A parachute-equipped flying car designed by a Florida-based company for the use of missionaries in developing countries has crashed in Canada, just feet from an elementary school about to have a sports day event.
The car is a Maverick (slogan: “the flying car that does”) and is basically an ultralight open-wheeled buggy with a cloth exterior skin and a propellor on the back. It uses a wing-style deployable parachute for lift, and costs $94,000. Development of the car was funded by the Indigenous Peoples’ Technology and Education Center, and apparently the idea is that when the road in Borneo, Tanzania, or Peru runs out, the missionary can simply fly to his or her destination.
Now, however, the company may need to revise its slogan.
Curtis Allen, a reporter for CTV News who was on the scene, told Jalopnik that the pilot took off in Vernon, British Columbia, and crashed around 8:45. He hit a school fence and — from the picture — a tree, which may have saved his life, according to Allen.

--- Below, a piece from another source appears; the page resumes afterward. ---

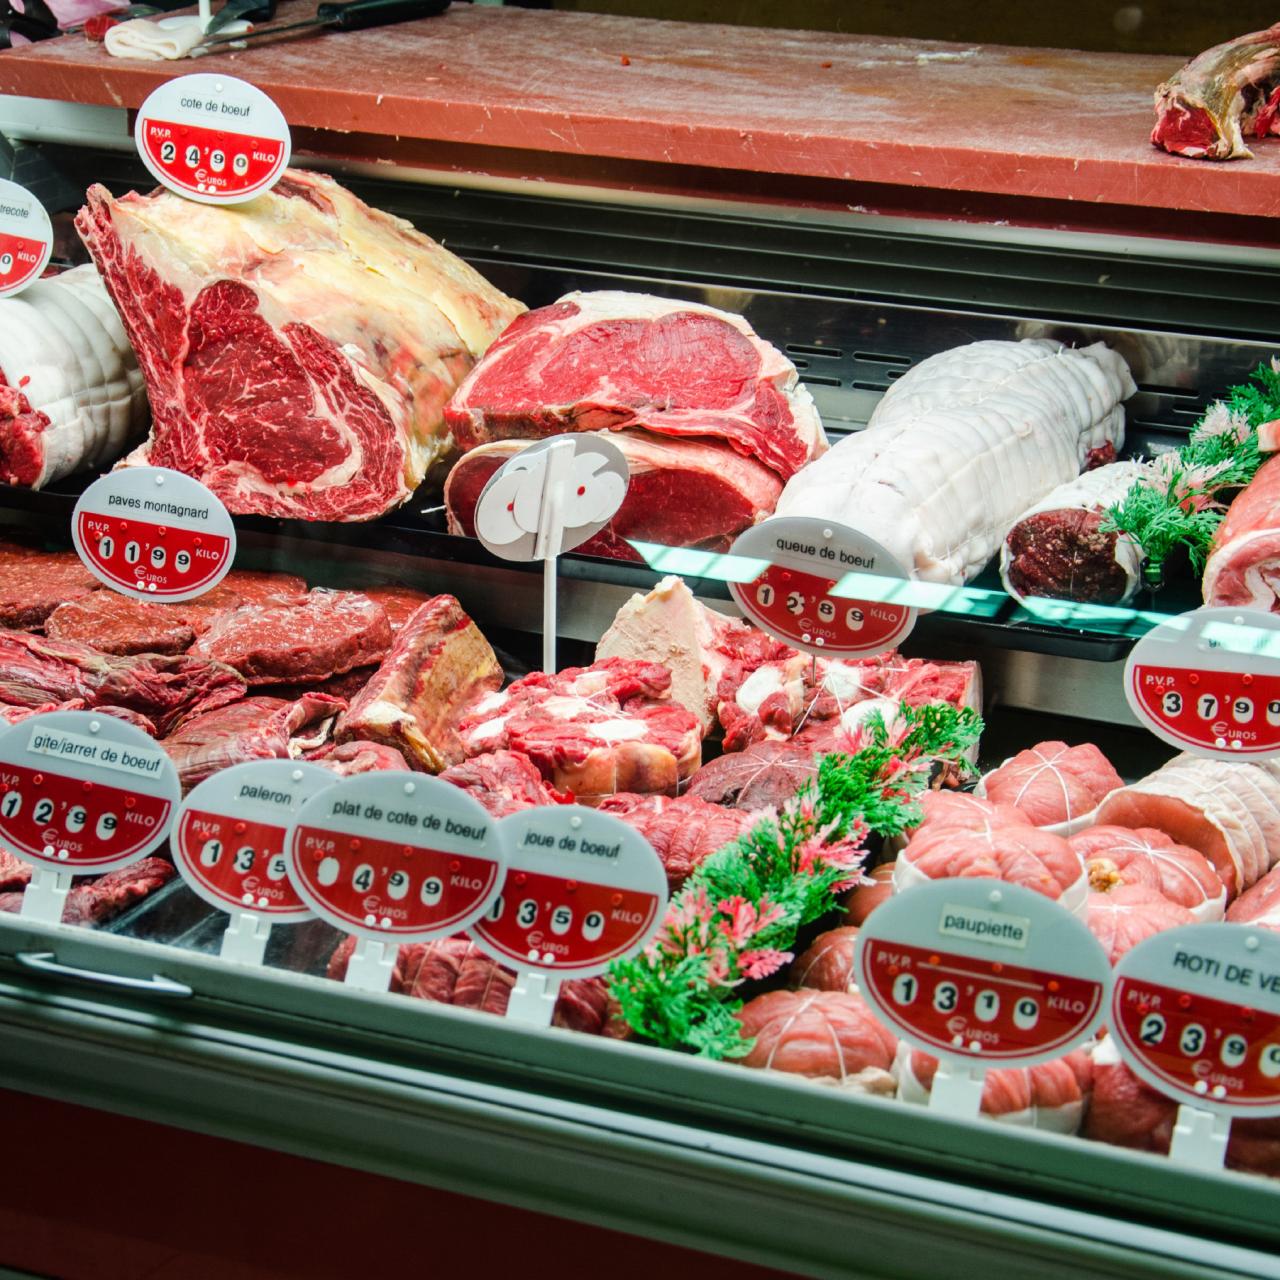 How to Buy the Freshest Meat and Seafood, Smart Shopping

Flying cars have been in the news lately as Terrafugia, the flying car company from Woburn, MA, reported that it plans to build street-legal airplanes. The company is working on feasibility studies for the TF-X, which “will further increase the level of safety, simplicity, and convenience of personal aviation.”
It’ll need to increase the level of safety quite considerably before the FAA and other governmental organizations think it’s a good idea to give the power of flight to every yahoo with a driver’s license.
The pilot and passenger walked away from this accident, but it is just one more reason why a Jetsons-style future is — and maybe forever will be — in the future.
An experimental flying car cashes in #Vernon, meters from an elementary school field. @ctvbc twitter.com/CTV_Curtis/sta…
— Curtis Allen (@CTV_Curtis) May 10, 2013
When I contacted the Maverick flying car company for a comment, an employee apologized and said “I don’t know anything about it.”